Pages

Thursday, February 2, 2012

The politics of making (lots of) money

The Atlantic

If the Republicans Lose in 2012, Expect Business As Usual
By Conor Friedersdorf

Feb 2 2012, 10:41 AM ET 2

Predicting the GOP's future is the parlor game of the moment. My crystal ball is freshly polished, and I see the profit motive enduring.

Parents of spoiled children are known to dread Christmas morning on years when it isn't certain that the present inside the box is what little Chase or Caitlin wants. "Are we in for a tantrum?" they think to themselves. It is with similar trepidation that George Packer is observing Election 2012. If Mitt Romney wins the nomination but loses the general election, the GOP "will continue down into the same dark hole where Palin, Bachmann, Perry, Cain, Santorum, and now Gingrich all lurk," he writes, drawing on lessons he gleaned from Election 1972.

All plausible! So are the rebuttals that Noah Millman and Daniel Larison offer. But my theory about what happens if the GOP loses is based on the proposition that the future of the conservative movement and its influence on Republicans is a business story as much as a political one.

Think of it this way. If Mitt Romney loses, these are all things that you can count on happening:

Fox News is going to keep stoking the cultural resentments and victimhood pathology of white conservatives, and rewarding politicians who appeal to that ethos with lucrative commentator contracts politicians. Put another way, the incentives for more Sarah Palins and Michele Bachmanns will be there.
Rush Limbaugh is going to keep attracting a sizable audience with his talent for the medium, his schtick implying that the Obama "regime" is illegitimate, and his endless ability to flatter the prejudices of his audience.
The conservative publishing market will keep rewarding Mark Levin-style books that proceed as if America is engaged in a simple binary struggle, with liberty on one side and a series of interchangeable bogeymen on the other: tyranny, utopia, radical Islam, political correctness, liberals, secularists, etc.

See, all the commentary you see about the right and its future takes as its starting point the notion of 2008 as a historic defeat. For folks whose highest priority is conservative governance, that's what it was -- eight years of frustration, betrayal, and disillusionment, culminating in a huge defeat.

But the period from 2000 to 2012 has been lucrative as hell if you're Roger Ailes or Rush Limbaugh or Mark Levin or Andrew Breitbart or Sarah Palin. That isn't to say they don't earnestly want Republicans to win, or that they're faking their preference for conservative governance. It's just to say that advancing their careers or enterprises is seemingly their priority. As swimmingly as that project is proceeding, why would anyone expect them to change course?

It isn't their reality that's come crashing down. They've never been so successful before in their lives!

This is what happens when an ideological movement basically merges with a collection of for-profit ventures. Incentives no longer align. Ends and means get mixed up. Herman Cain book tours turn into seemingly viable presidential campaigns. And Donald Trump is asked to host a debate.

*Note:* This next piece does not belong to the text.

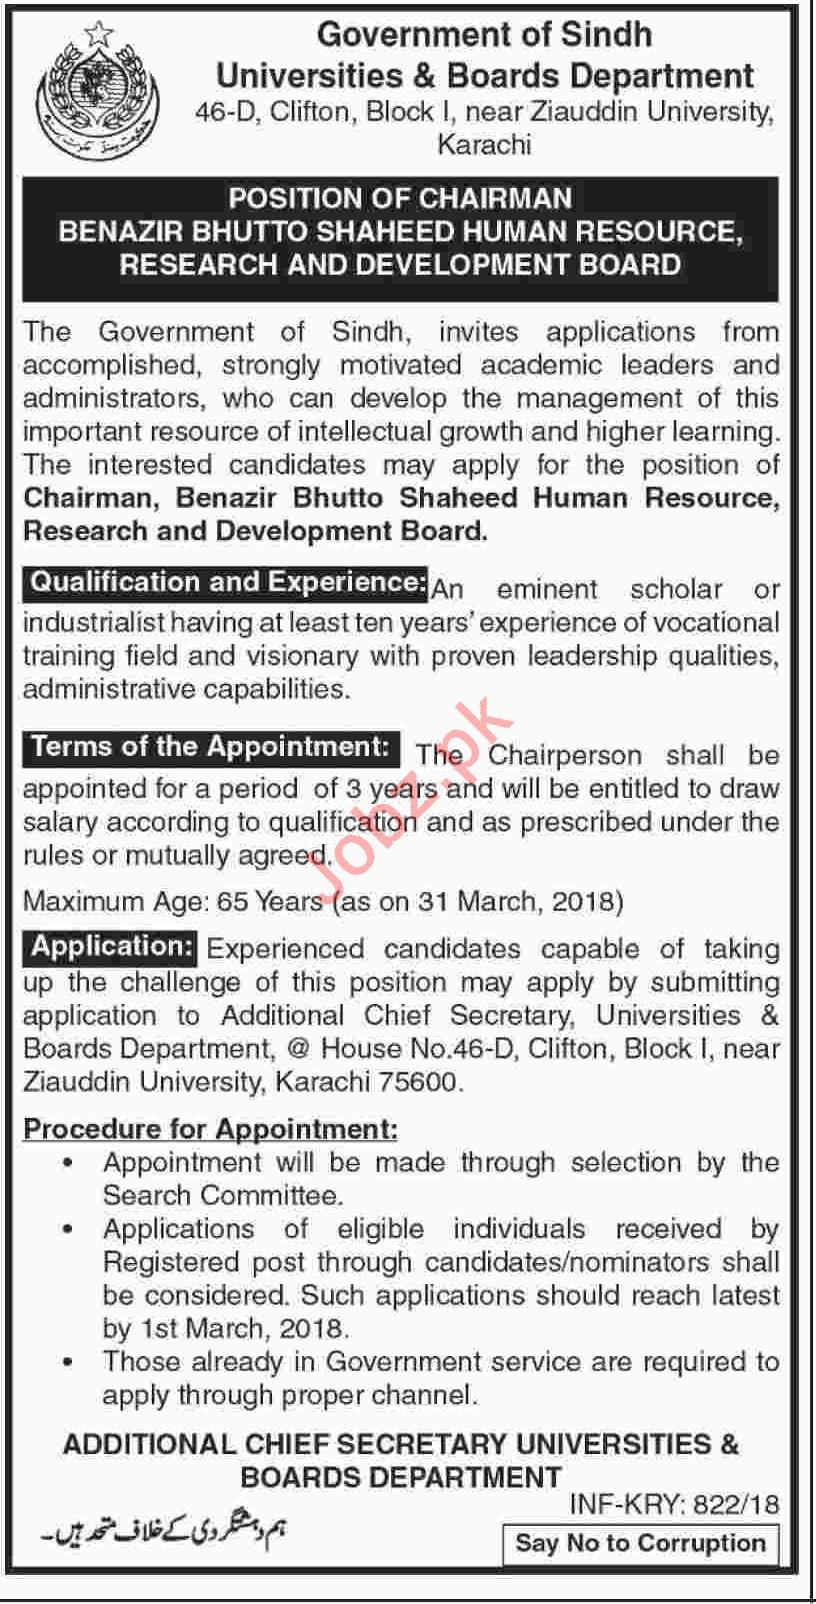 Universities & Boards Department Karachi Jobs 2018

Movement conservatism's entertainers aren't the only people influencing the Republican Party, as is evident at four year intervals, when the GOP electorate chooses a champion the entertainers hate. But most GOP voters aren't political junkies. In between elections, when most Republicans stop paying attention to politics, the relatively sizable Fox News and talk radio audiences can wield disproportionate influence on everything from legislative agendas to off-year elections. And TV personalities, talk-radio hosts, and ideological Web sites serve as the right's intellectuals, determining what ideas get out to the junkies, and later to the rank-and-file.

The right has other intellectuals who actually care about things like policy, governing, and intellectual honesty. What many of them don't realize is that until they meaningfully challenge the Conservative Entertainment Complex, their ideas and the direction they hope to push the conservative movement is always going to be overshadowed: by Birthers, or a righteous Andrew Breitbart/James O'Keefe crusade against ACORN, or the Glenn Beck show, or months of speculation about whether Sarah Palin will run for president. That is to say, they'll be overshadowed by what looks like a part of the political movement, but is largely a moneymaking venture.